If you have a crockpot and some blankets, you can make yogurt. From start to finish, this is about a 14 hour process but there is very little work involved and most of it happens while you are sleeping.
1 crock pot. Any size will do but one that can hold about a gallon of milk is good.
Powdered milk (optional)
6-8 ounces of plain yogurt for starter (or one cup reserved from last batch) OR powdered yogurt starter.
Cloth to strain it
At 4:30 PM, I filled my crock pot with milk until about a half inch from the top. It should take most of a gallon of milk with a standard sized pot. I added one cup of powdered milk and stirred it in. This step is not necessary but I've found it does make the yogurt a little thicker if you aren't using whole milk. I used 1% for this. I put the cover on and turned it on low and let it sit for 3 hours.
At 7:30 PM, I turned off and unplugged the crock pot. That's it. Then it sat for another three hours. Easy?
10:30 PM: I removed 2 cups of the still warm milk and stirred in my yogurt starter. This time I used 1 cup of plain yogurt. You can buy it in the store or use a frozen cup from your last homemade batch. I stirred in the yogurt with the two cups warm milk and poured it back into the crock pot and stirred again.

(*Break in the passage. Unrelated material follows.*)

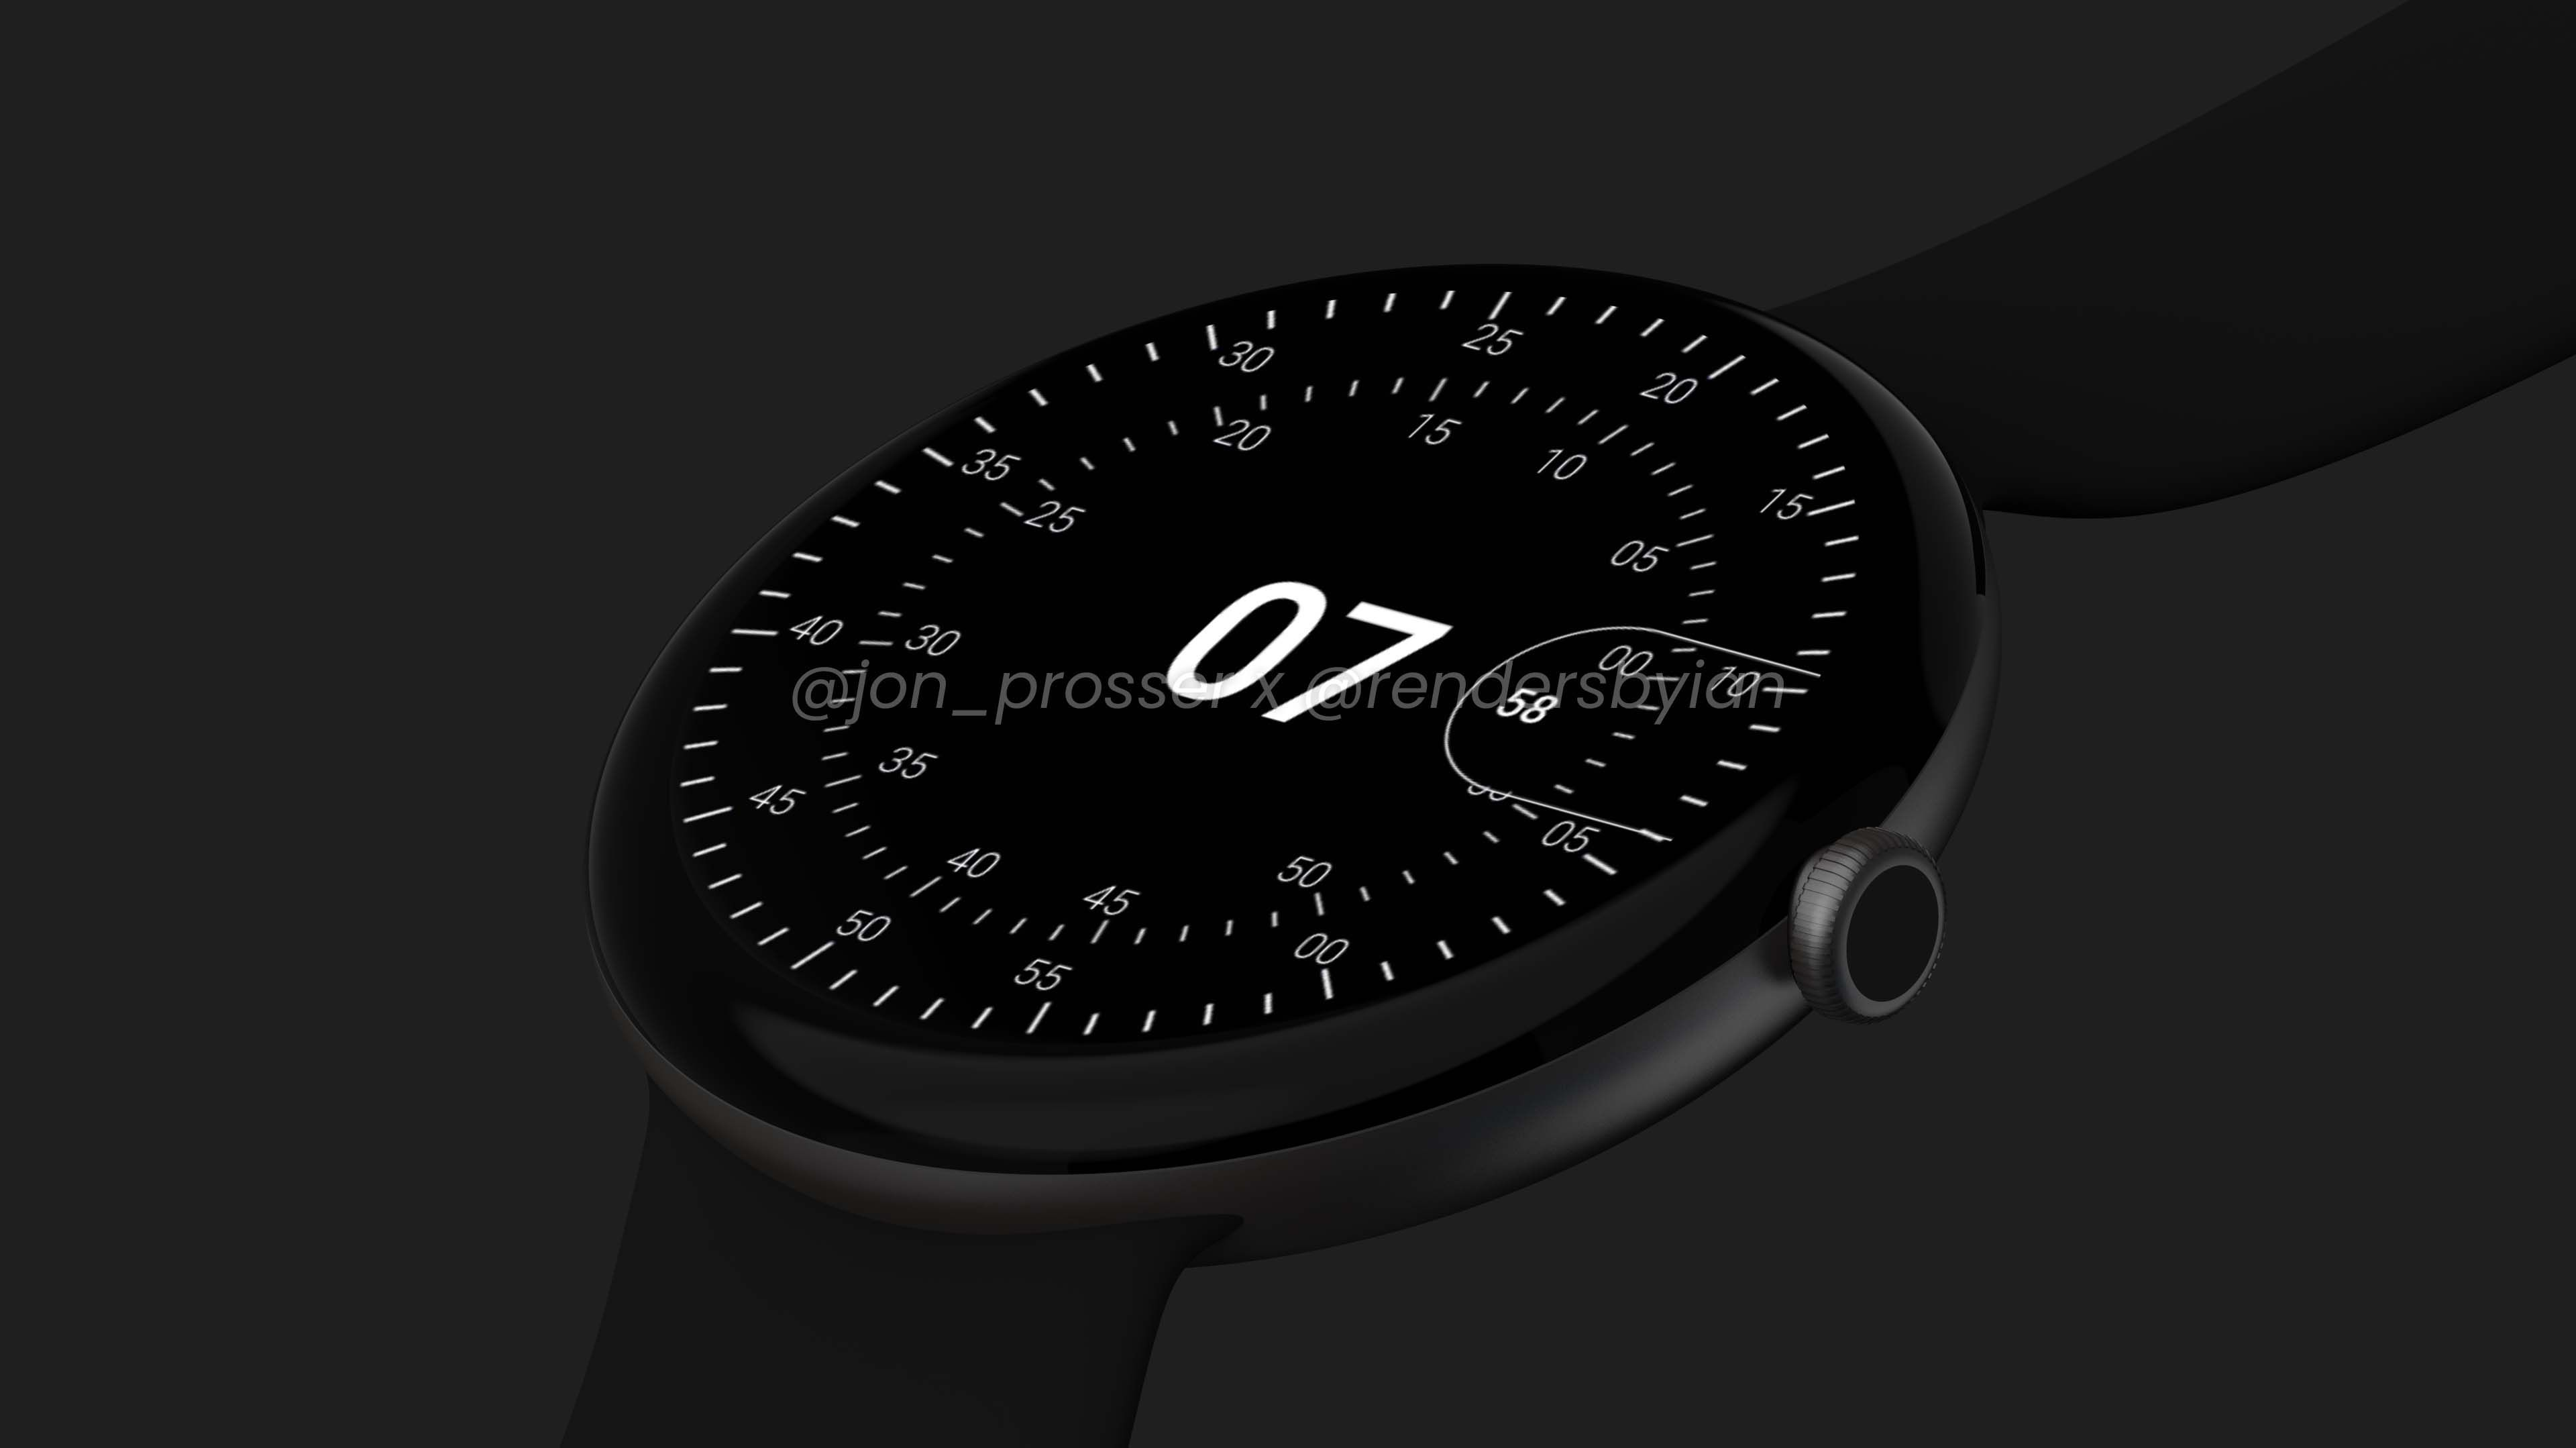 Google Pixel Watch render in black

I put the lid back on and wrapped the whole pot in blankets (I used three medium sized ones). Remember that the crockpot is still unplugged.
Then I watched a documentary and went to bed. You can leave it overnight for 8-10 hours. 10 hours will set it a little nicer but 8 is sufficient. It is not dangerous to leave the milk sitting warm overnight so don't worry about that. Remember that in much of the world, yogurt is consumed at room temperature.

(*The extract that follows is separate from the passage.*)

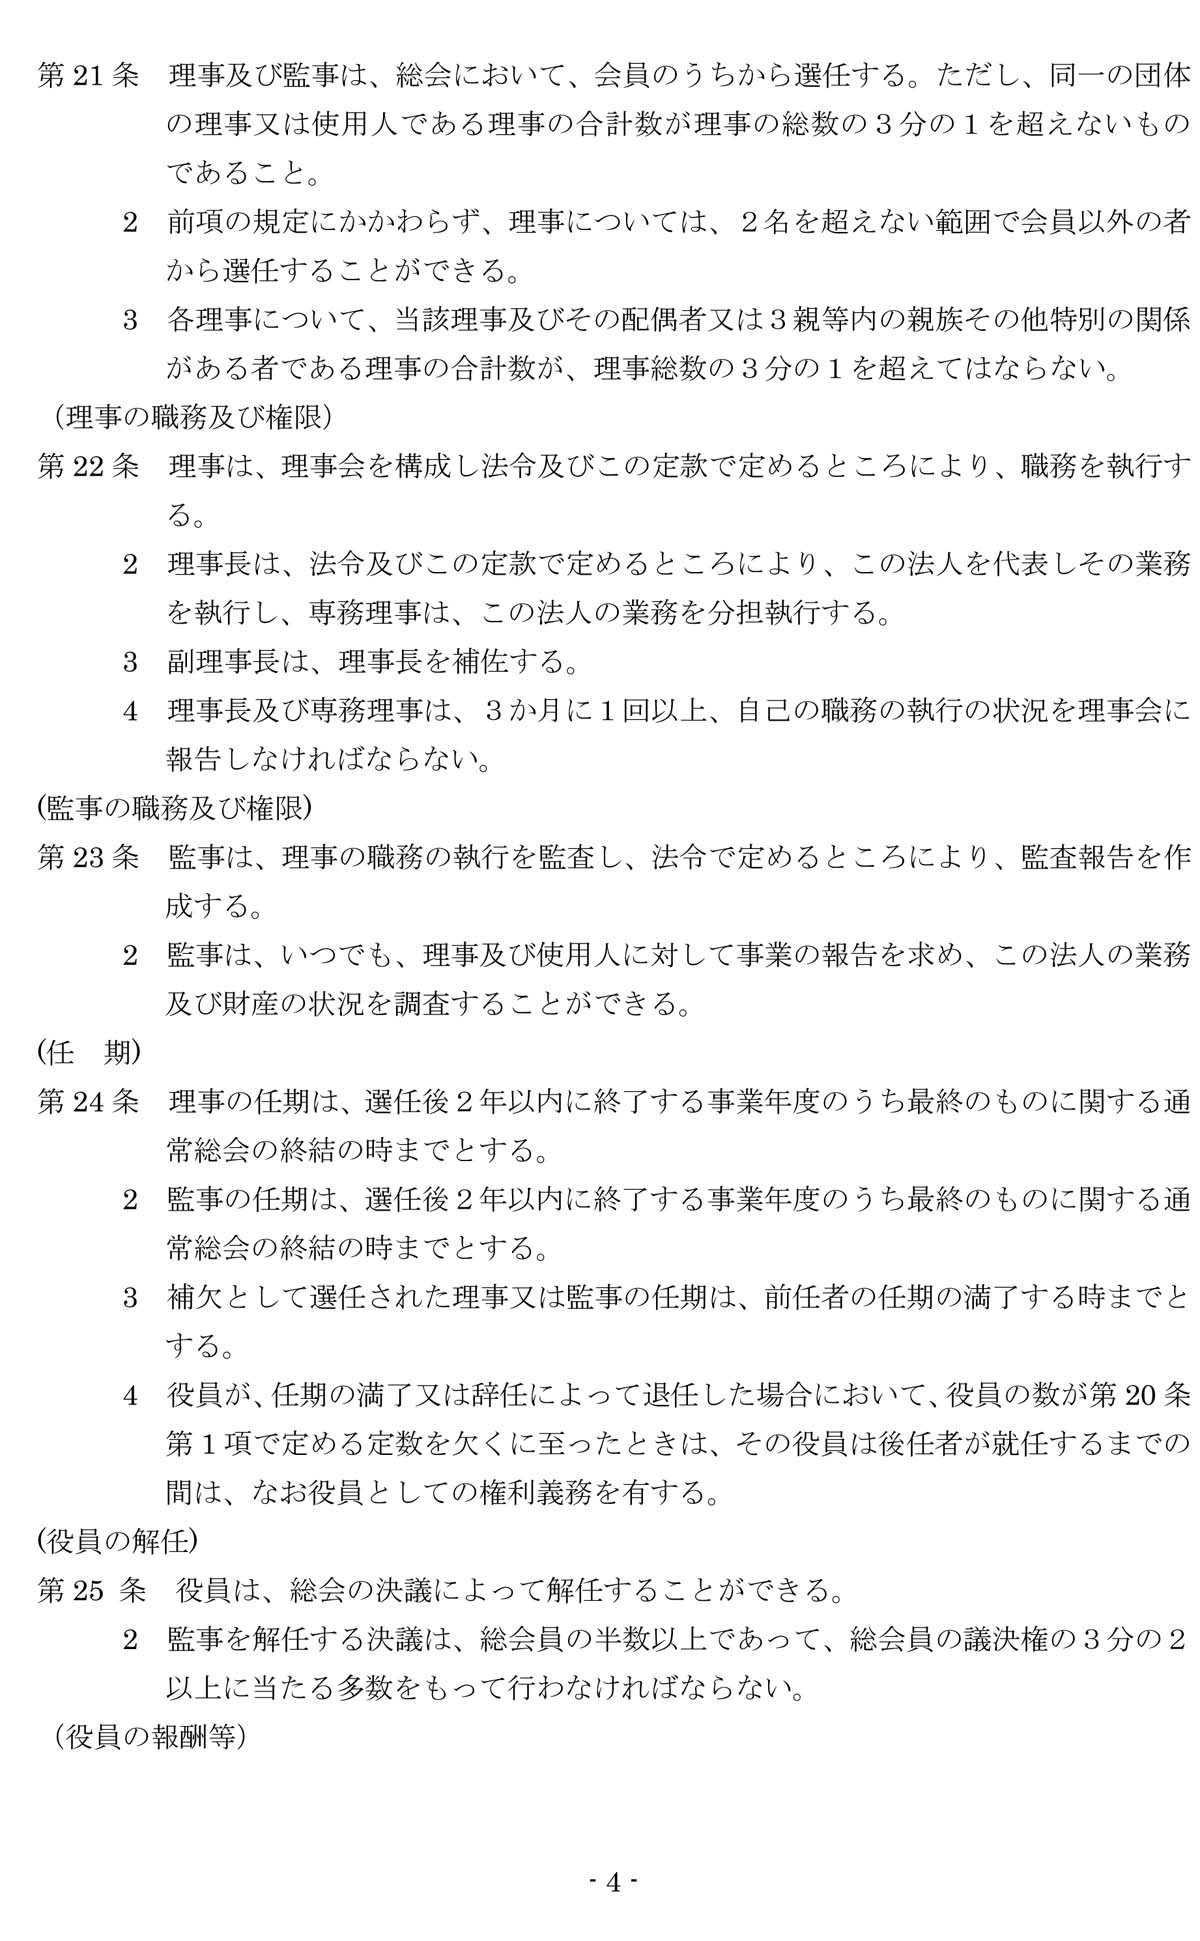 定款4(栃木県労働者福祉センター)
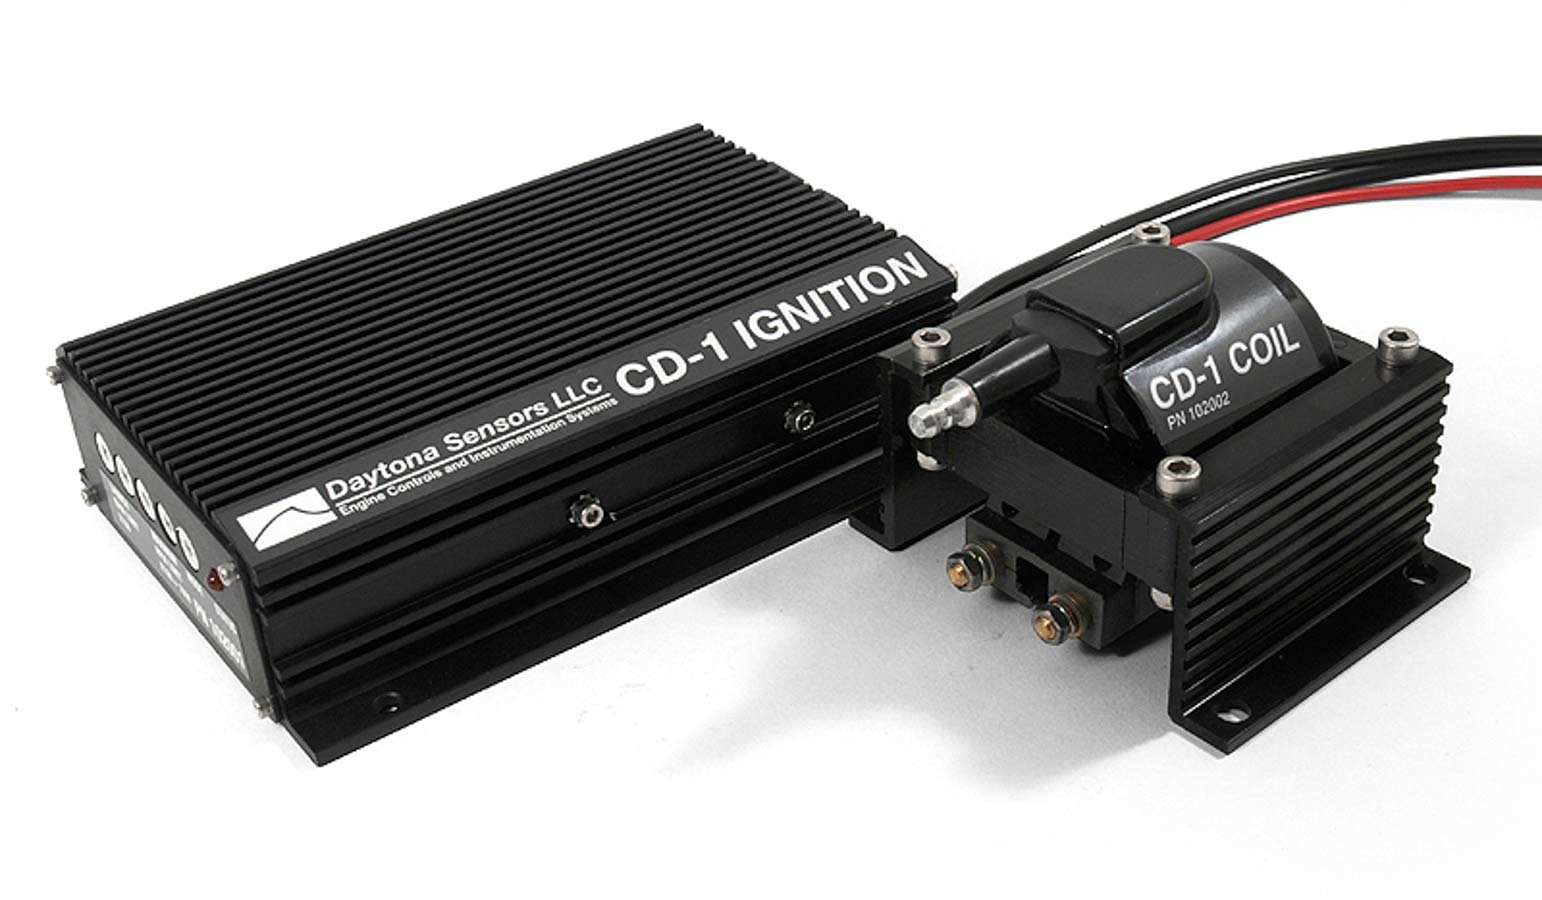 CD-1 Ignition System Kit

7:30 AM: I lined a collander set over a large pot with white cloth and scooped the yogurt in to drain for a few hours. Put the straining yogurt in the fridge at this point. While it's fine to consume right now, it wouldn't be safe to continue to store it on the counter for more than a day. The picture shows only a little in the cloth but the yogurt I poured in filled the whole colander.

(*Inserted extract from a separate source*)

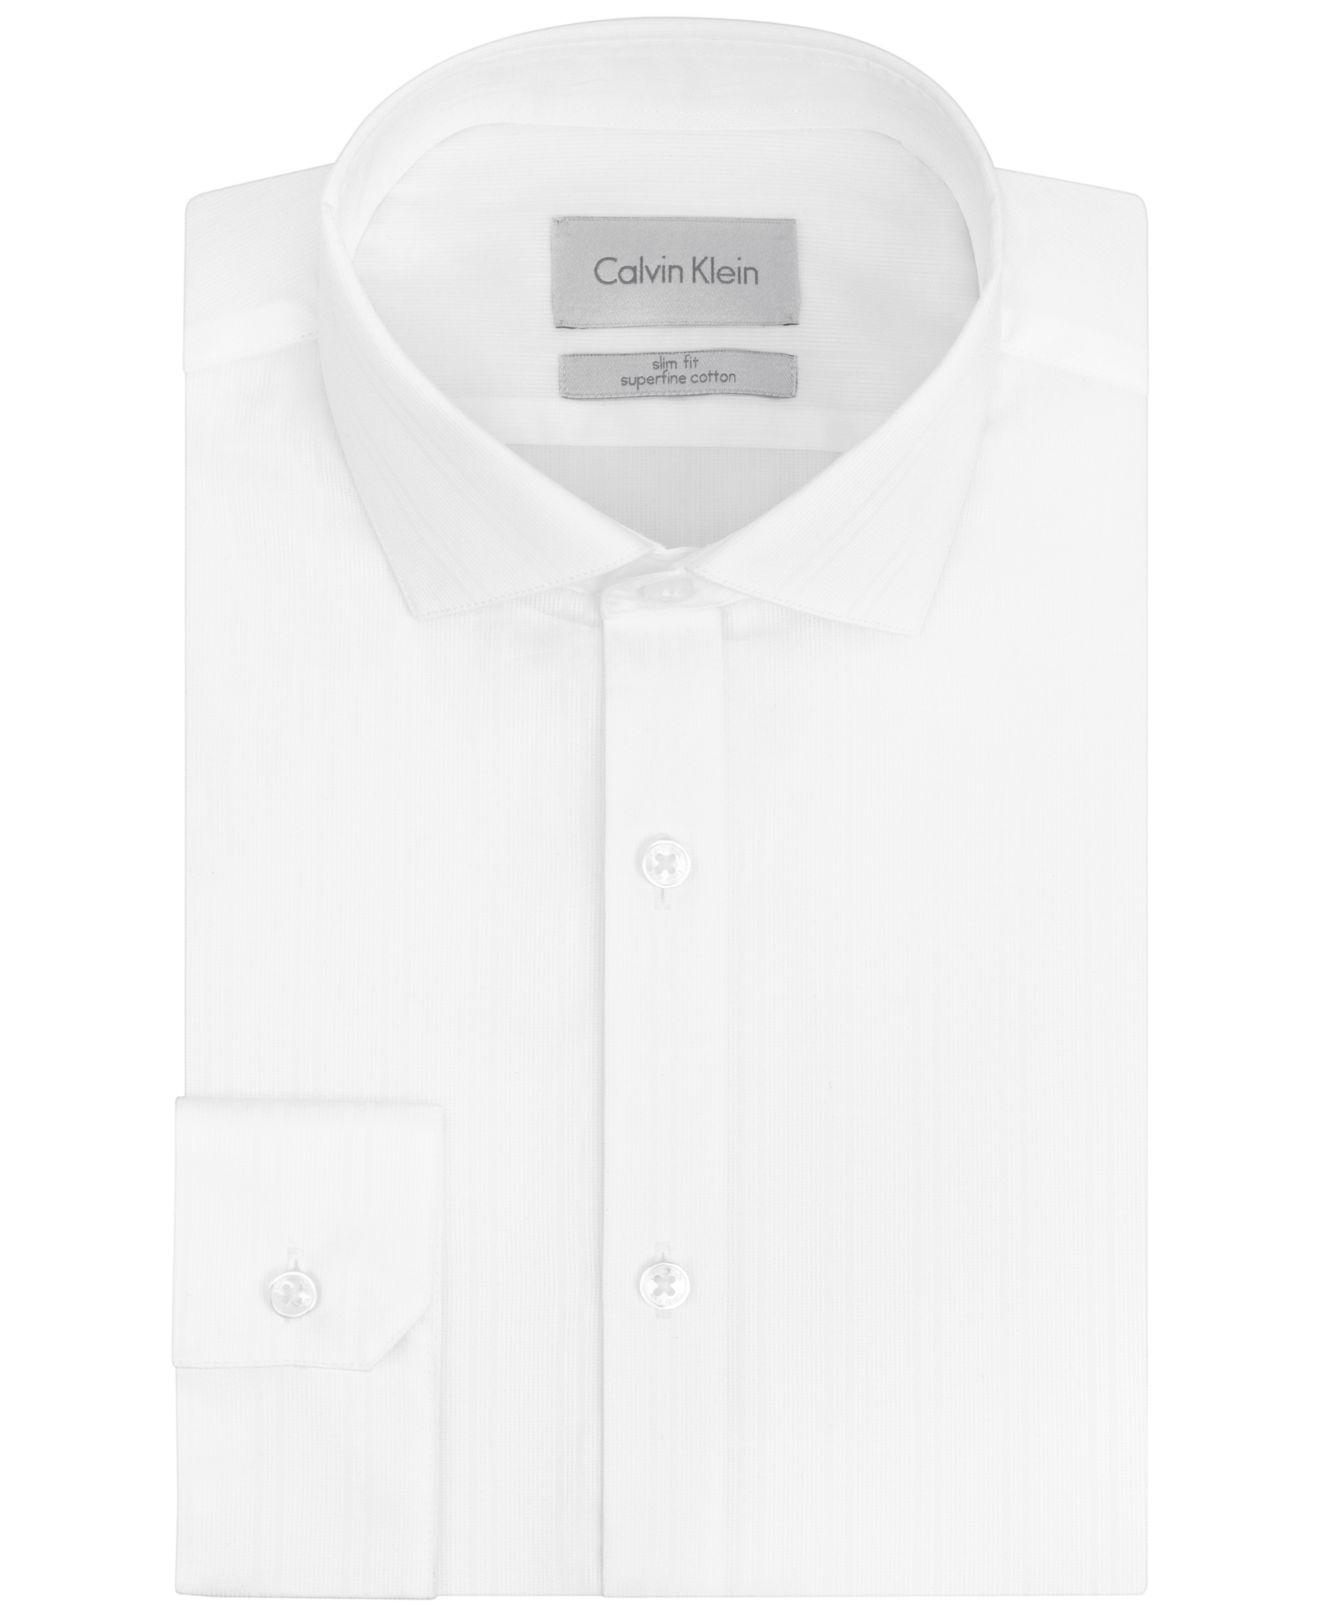 Lyst Calvin Klein Platinum Slim Fit White Tonal Stripe Dress Shirt

The first time I made yogurt I had to play with it a little before I put it in the strainer. I was so amazed that the spoon cut through it. I almost didn't believe the process would work and was fascinated when it did!
The amount of straining time depends on how thick you like your yogurt. I let this batch sit in the fridge for 3 hours. I then scooped it into a glass container and stirred the contents. I also reserved a cup of it for my freezer to make another batch. The yogurt closest to the cloth will be very thick. This is the start of yogurt cheese (my dad has made me strained yogurt sprinkled with mint to eat on Syrian bread and it's delicious. You can use it like cream cheese and it's better for you too). You can leave a bit of the yogurt to strain more if you want to keep a pot of yogurt cheese in your fridge. I'd probably leave it overnight for good results.
What's left in the pot after straining is the whey. Don't throw this away if you want a great source of protein to use as a substitute for water or milk in baking or smoothies. I got about 5 cups of whey this time and froze most of it. I'll probably make muffins with some of the whey tonight.
I really like homemade yogurt with a little maple syrup on it, but you can put whatever you like in it. Use it no differently than store bought plain yogurt. It's really delicious and economical and you'll be so excited when you first try it and watch that spoon drag in the morning!